**PROBLEM TO WORK ON**
Could you transcribe every record below exactly, leaving out any pictures?

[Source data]
※
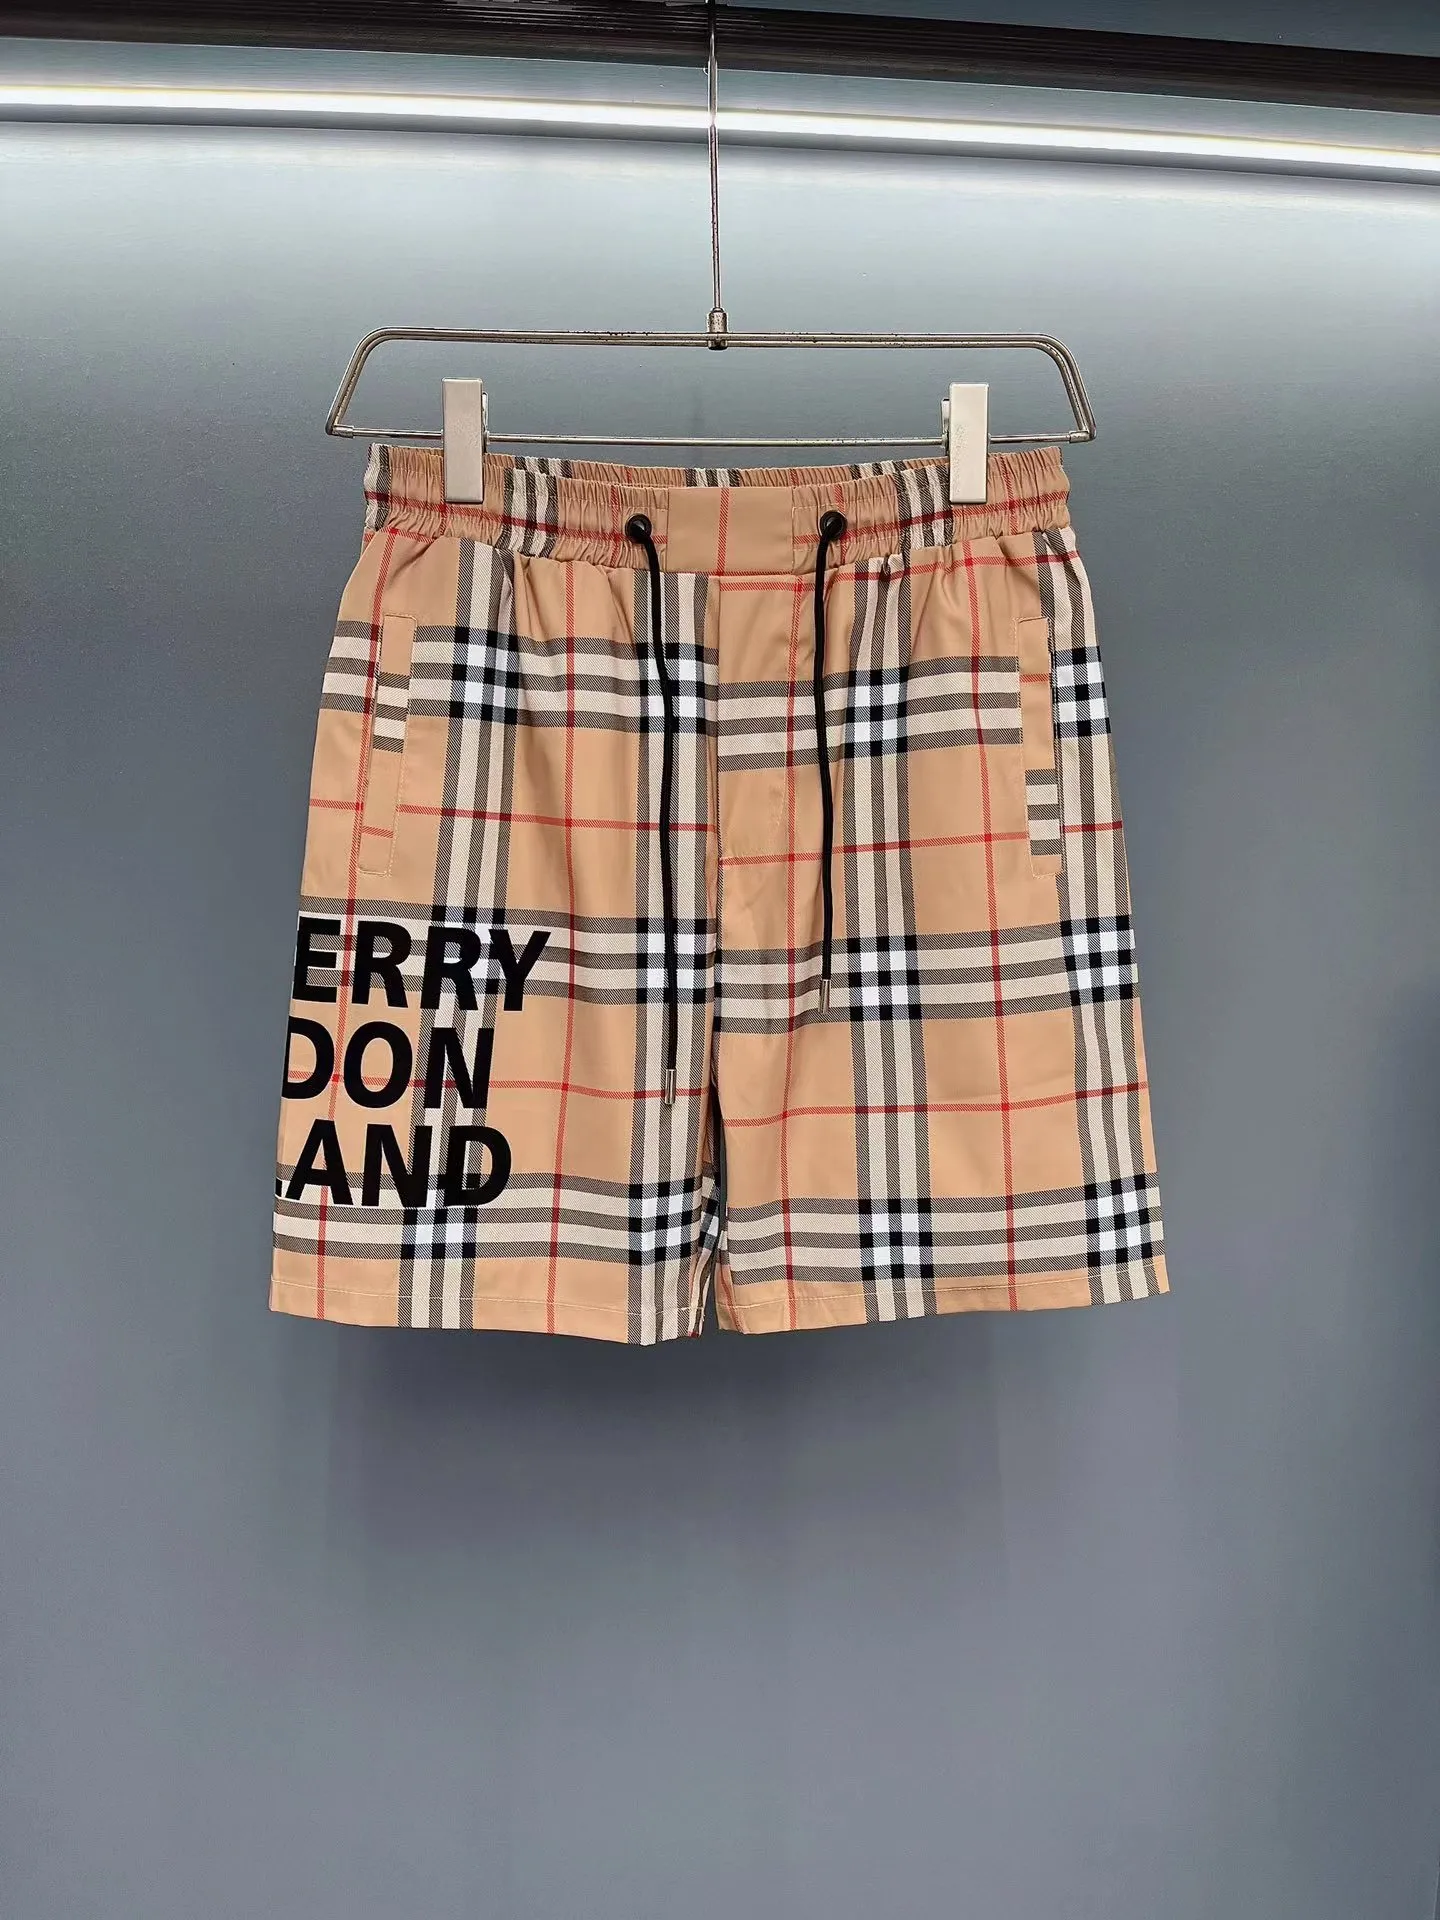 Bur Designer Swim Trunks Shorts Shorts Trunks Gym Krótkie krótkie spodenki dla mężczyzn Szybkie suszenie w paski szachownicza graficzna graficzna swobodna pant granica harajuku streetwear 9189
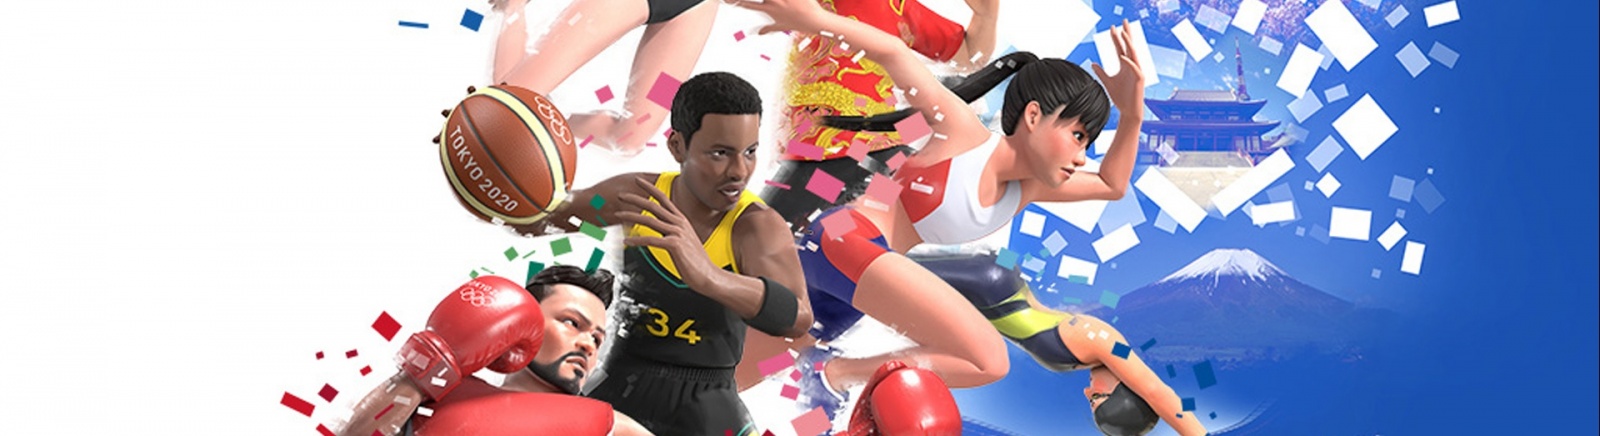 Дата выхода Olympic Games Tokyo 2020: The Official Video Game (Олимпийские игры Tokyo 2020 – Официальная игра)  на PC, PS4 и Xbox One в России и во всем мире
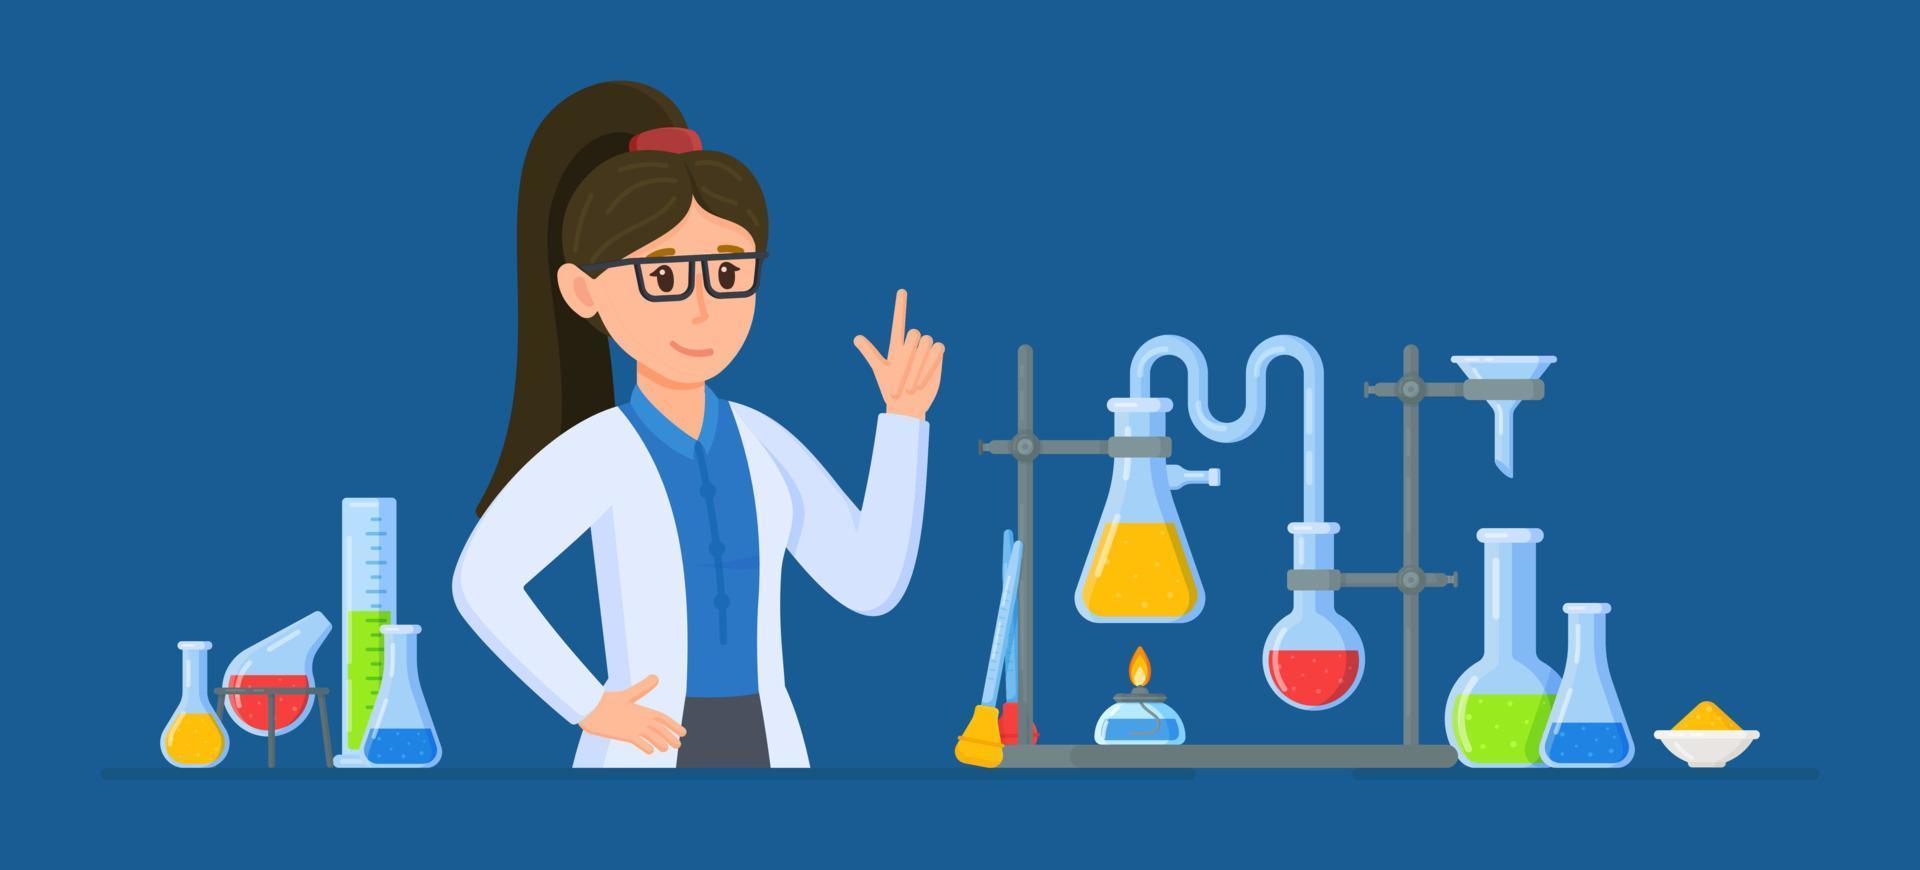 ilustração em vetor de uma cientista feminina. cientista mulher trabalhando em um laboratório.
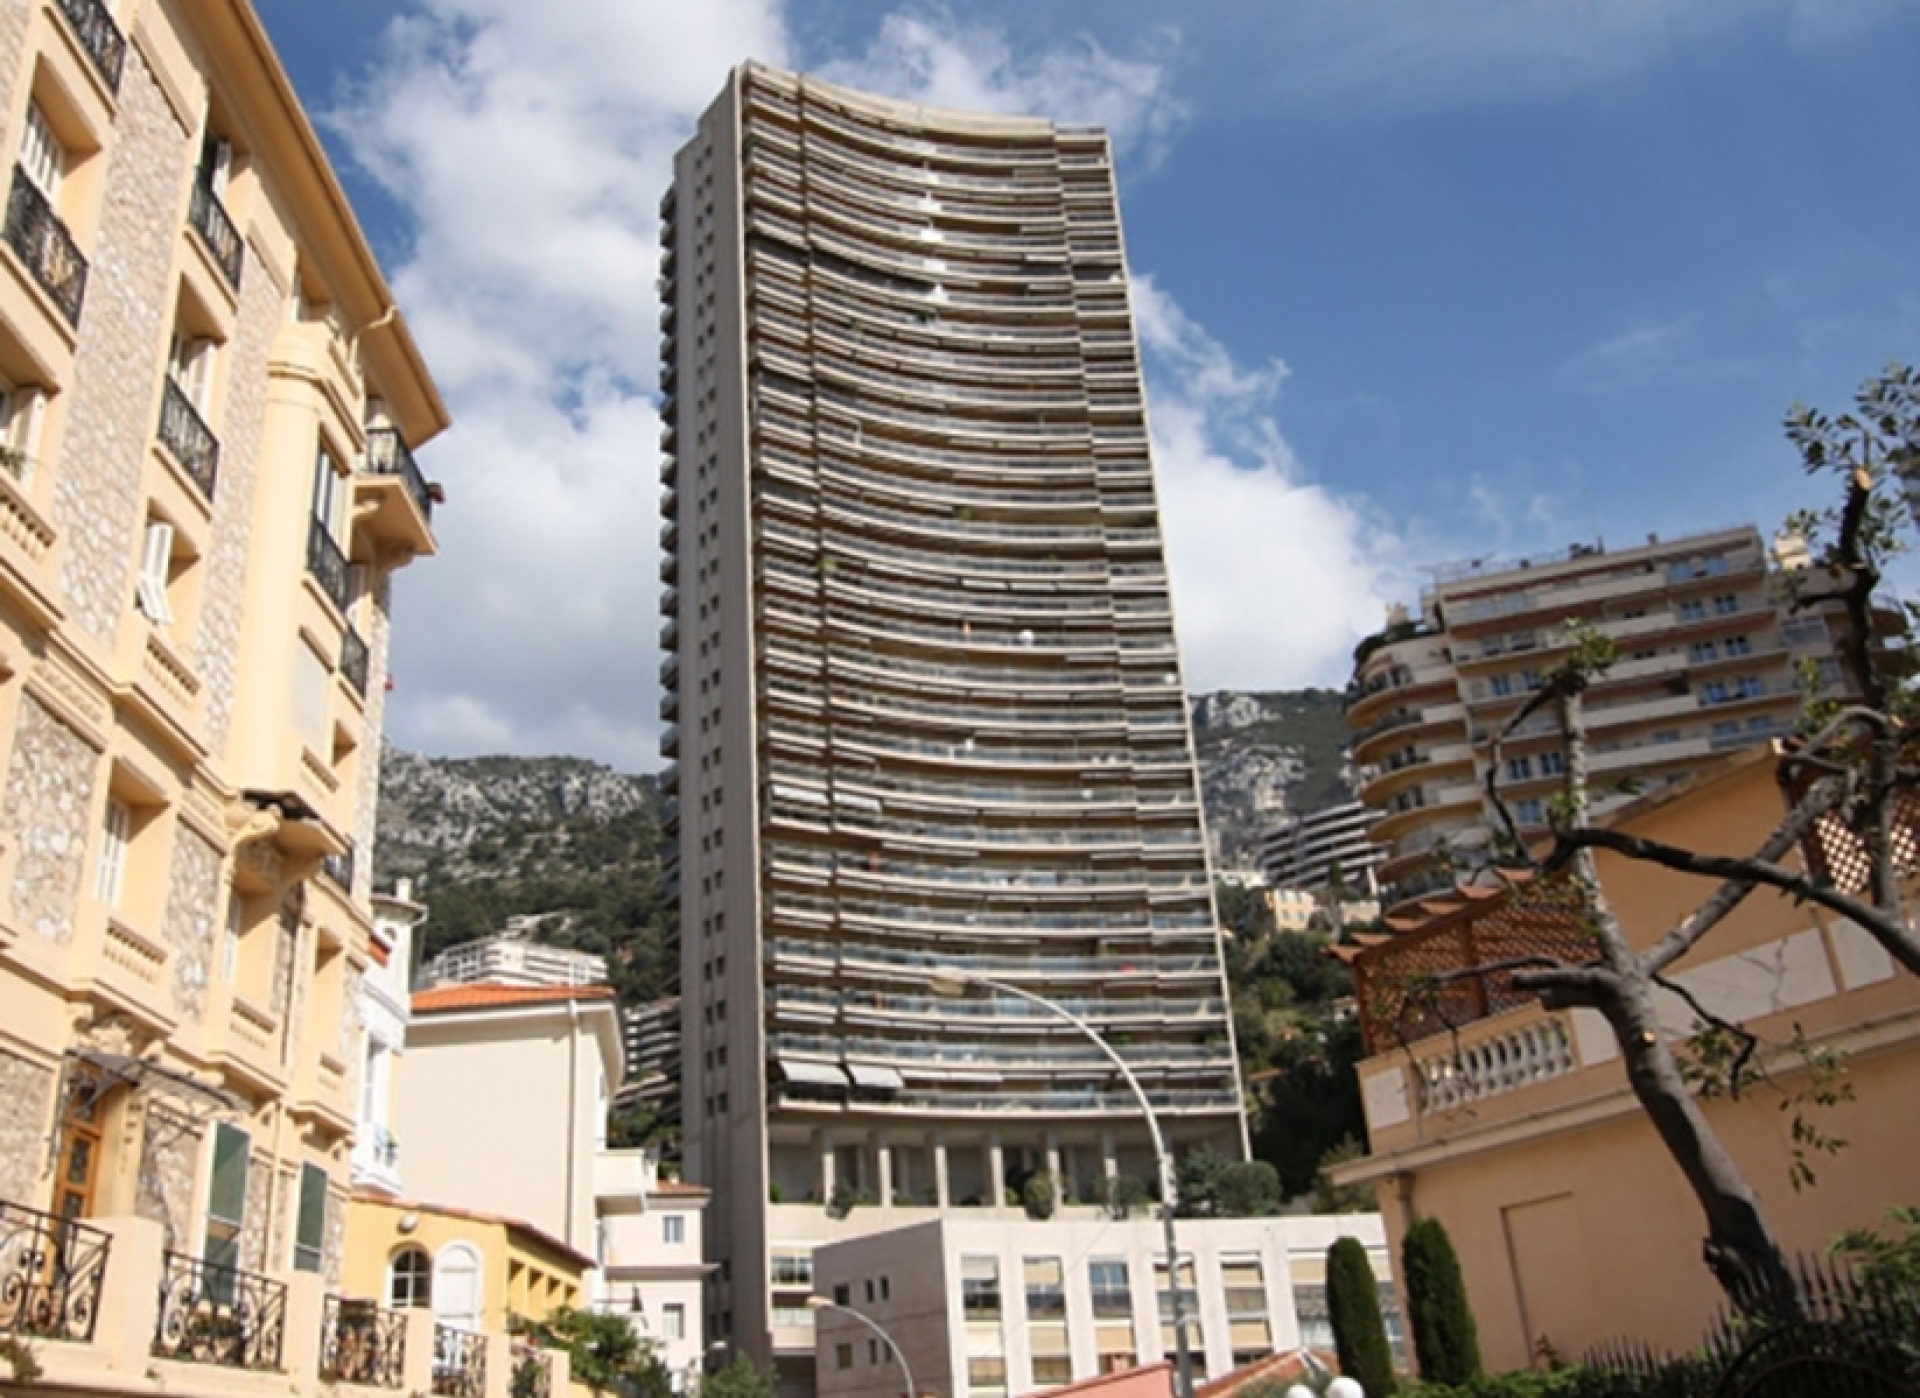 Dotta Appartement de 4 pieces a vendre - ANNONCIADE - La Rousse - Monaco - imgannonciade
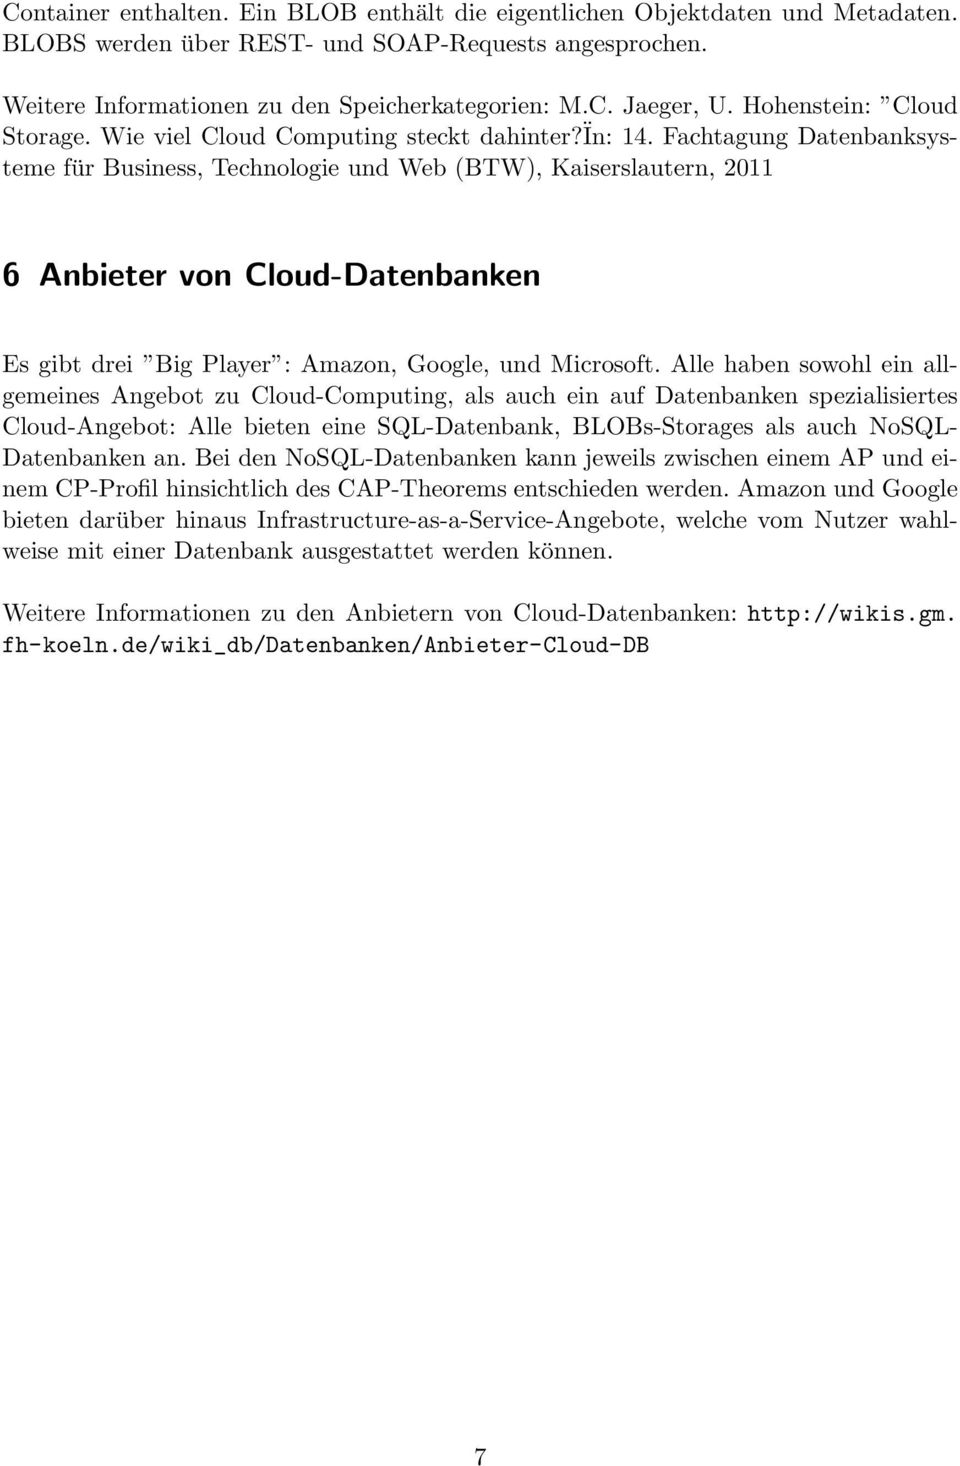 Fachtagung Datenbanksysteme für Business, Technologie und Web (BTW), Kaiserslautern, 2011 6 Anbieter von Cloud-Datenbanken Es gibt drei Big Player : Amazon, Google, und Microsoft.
※
**ANSWER TO THIS EXERCISE**
 Bur Designer Swim Trunks Shorts Shorts Trunks Gym Krótkie krótkie spodenki dla mężczyzn Szybkie suszenie w paski szachownicza graficzna graficzna swobodna pant granica harajuku streetwear 9189
 Дата выхода Olympic Games Tokyo 2020: The Official Video Game (Олимпийские игры Tokyo 2020 – Официальная игра)  на PC, PS4 и Xbox One в России и во всем мире
 ilustração em vetor de uma cientista feminina. cientista mulher trabalhando em um laboratório.
 Dotta Appartement de 4 pieces a vendre - ANNONCIADE - La Rousse - Monaco - imgannonciade
 Fachtagung Datenbanksysteme für Business, Technologie und Web (BTW), Kaiserslautern, 2011 6 Anbieter von Cloud-Datenbanken Es gibt drei Big Player : Amazon, Google, und Microsoft.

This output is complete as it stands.